Hardware specification


The following hardware specifications are provided here as a general reference; differences with the product may exist.

Scope of delivery

Standard delivery for an rc_randomdot includes the rc_randomdot projector, the mounting bracket and 4 screws, a 30 cm cable to connect the rc_randomdot to the rc_visard, and a quickstart guide.

The full manual is available in digital form at https://www.roboception.com/documentation.

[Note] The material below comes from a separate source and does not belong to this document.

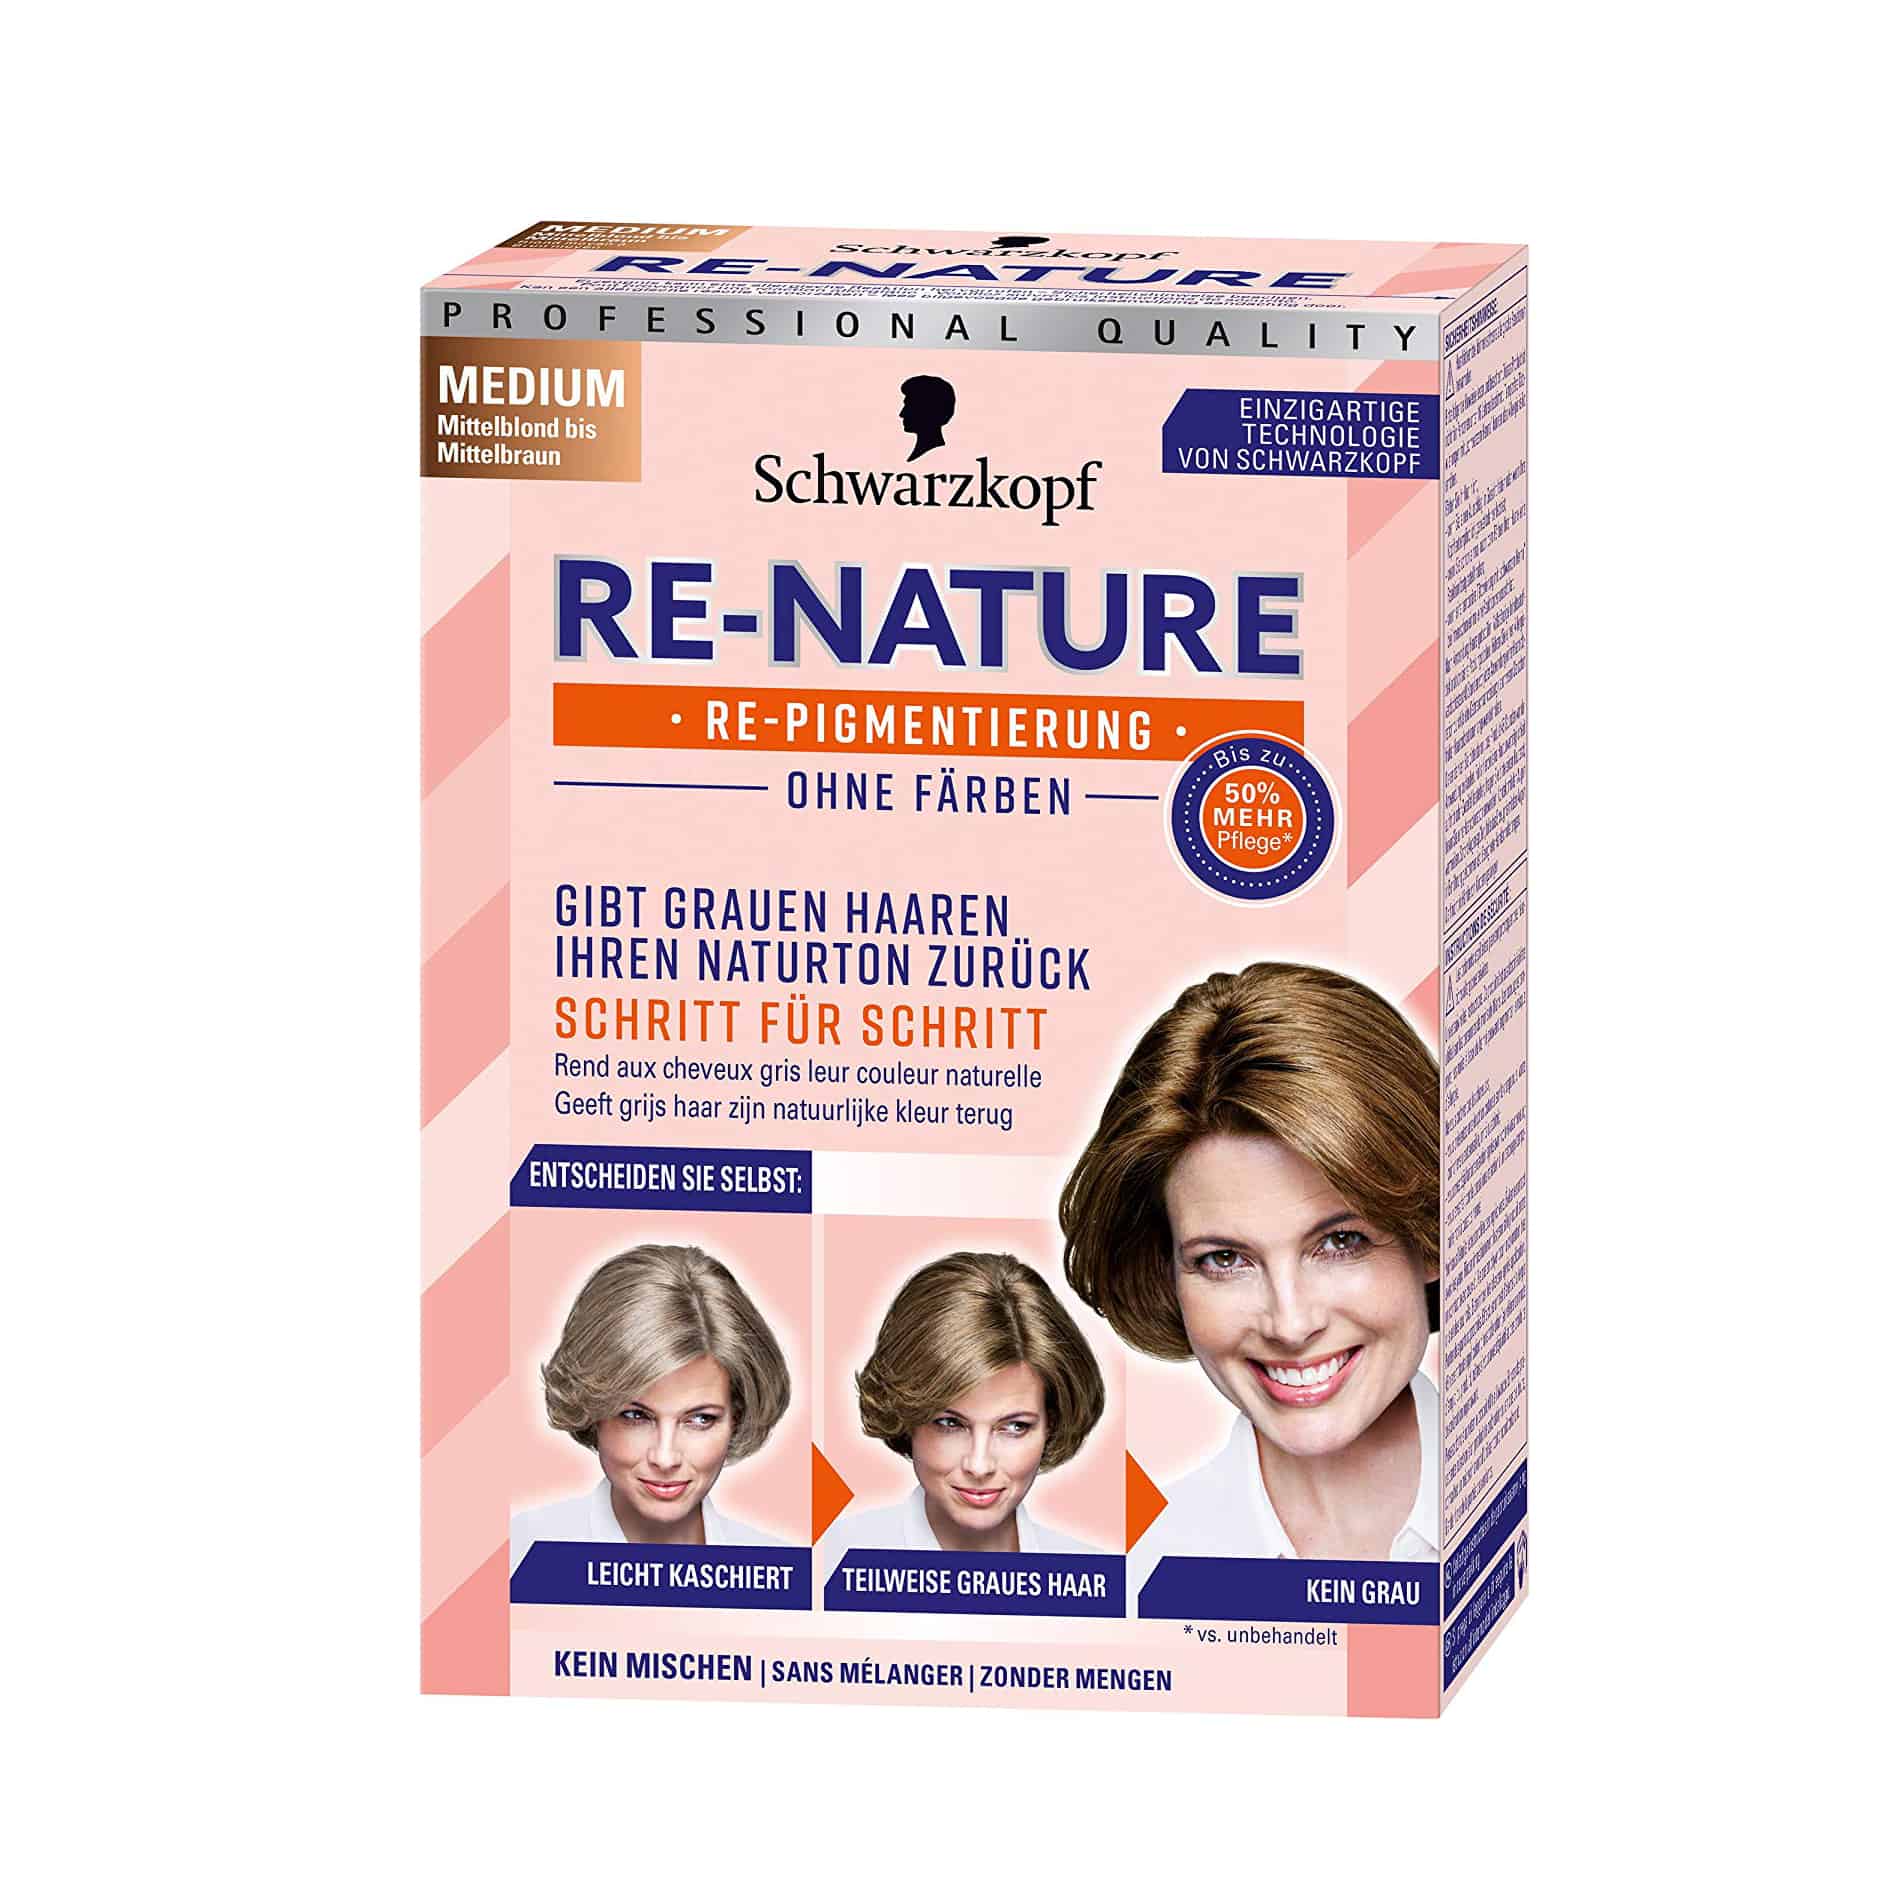 Re-Nature – Anti Gray Hair – Women's Natural Coloring Kit “WOMEN MEDIUM” Buy German

The following picture shows the important parts of the rc_randomdot which are referenced later in the documentation.


Fig. 2 Parts description

Technical specification

Table 1 Technical specifications for the rc_randomdot White
Illumination Mode Strobe
Wavelength White (5500 K)
Working distance 500 mm to 3000 mm
Field of View 62° x 48° (diagonal 75°)
Lens (C-Mount) 1”, 12 mm, f min 1:1.4
Lens Type VS Technology VS-1214H1
Power supply 24 V (22 V to 29 V), 44 W (68 W including rc_visard)
Connectors M12, 8 Pin, A-coded
Size (W x H x L) 70 mm x 70 mm x 152 mm
Weight ~ 660 g

Mechanical dimensions


Fig. 3 Overall dimensions of the rc_randomdot White

CAD models of the rc_randomdot can be downloaded from https://www.roboception.com/download. The CAD models are provided as-is, with no guarantee of correctness.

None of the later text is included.